Defying the boundaries of taste and time, Martin Greenfield made suits for President Dwight Eisenhower, gangster Meyer Lansky, Leonardo DiCaprio and LeBron James. Men skilled in the arts of power projection—along with writers and fashion designers—considered him the nation’s greatest men’s tailor.
For years, none of them knew the origin of their expertise: a beating in Auschwitz.
As a teenager, Mr. Greenfield was Maximilian Grünfeld, a skinny Jewish prisoner whose job it was to wash the clothes of Nazi concentration camp guards. In the laundry room one day, he accidentally tore the collar of a guard’s shirt. The man whipped Max in response and then tossed the garment back at the boy.

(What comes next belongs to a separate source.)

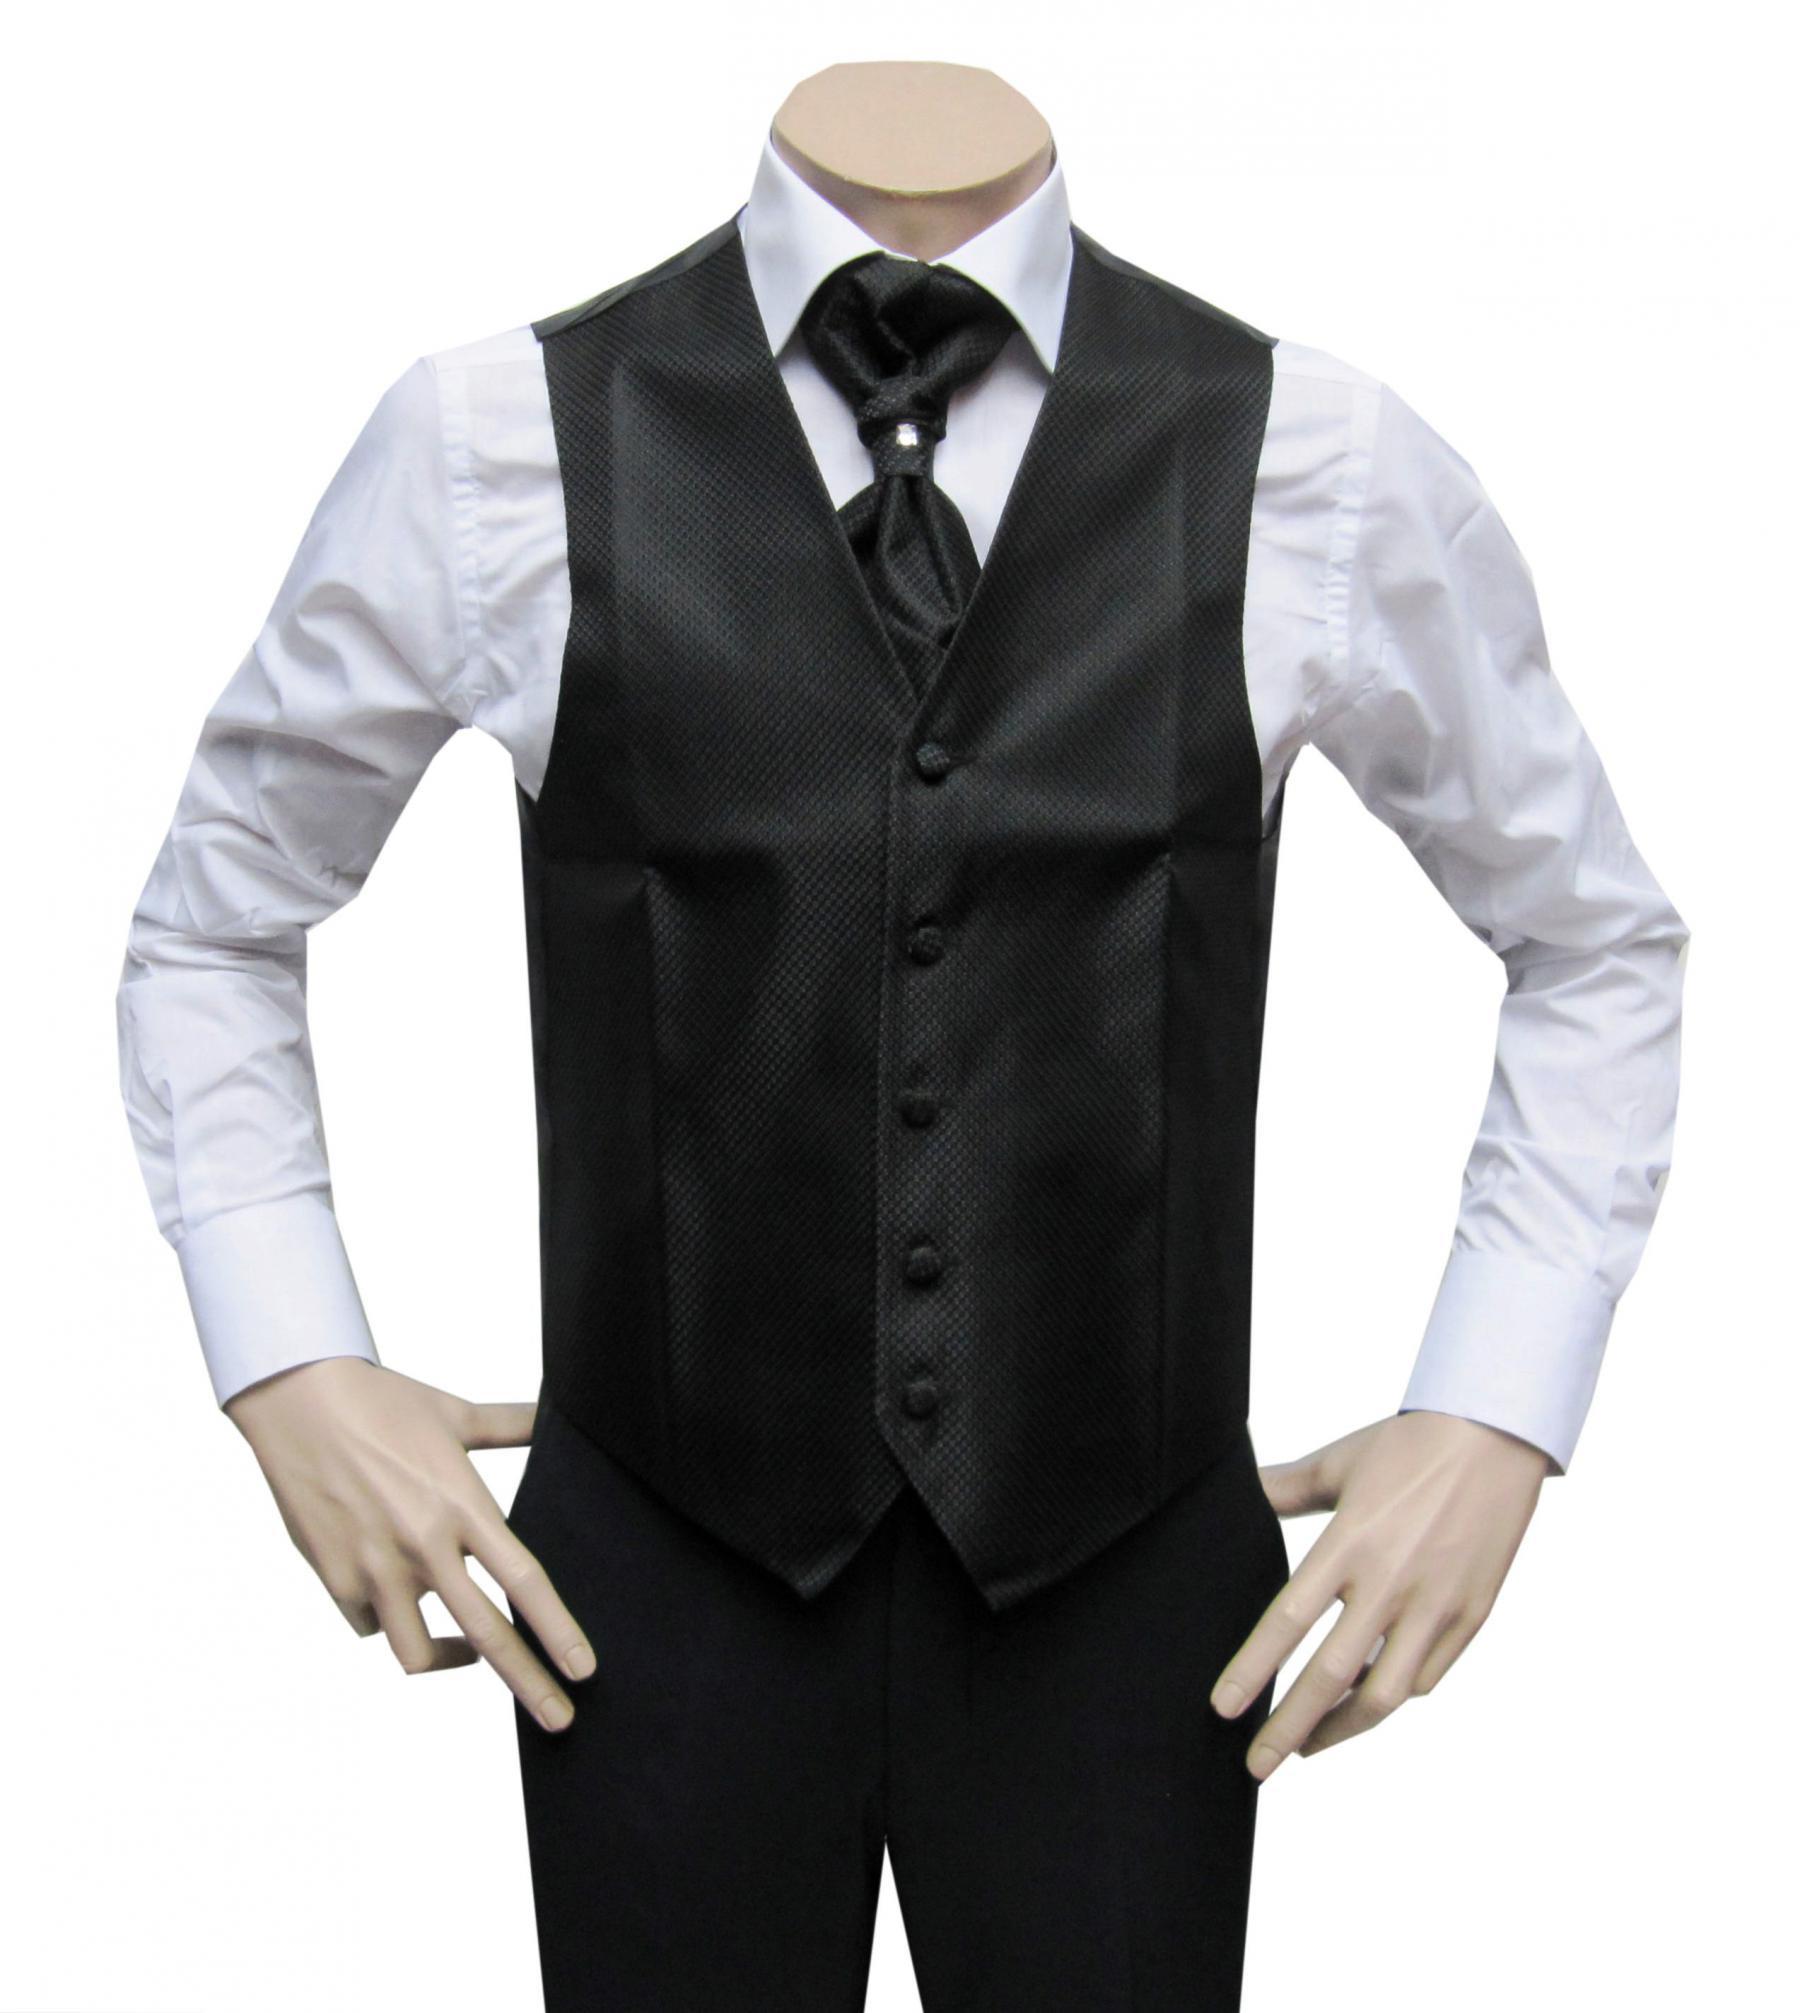 Formal Leicht Abendbekleidung Herren Stylish13 Schön Abendbekleidung Herren für 2019

After a fellow inmate taught Max how to sew, he made the collar, but then decided to keep the shirt, tucking it under the striped shirt of his prison uniform.
The garment changed his life. Other inmates took it to mean that Max enjoyed special privileges. The guards allowed him to roam the Auschwitz grounds, and when he worked in a hospital kitchen, they assumed he was authorized to take extra food.
Max tore off another guard’s uniform. This time, it was intentional. He created a clandestine wardrobe that would help him survive the Holocaust.
“The day I first wore that shirt,” Mr. Greenfield wrote seven decades later, “was the day I learned that clothes have power.”
He never forgot the lesson. “Two torn Nazi shirts,” he continued, “helped with that Jew created America’s most famous and successful custom suit company.”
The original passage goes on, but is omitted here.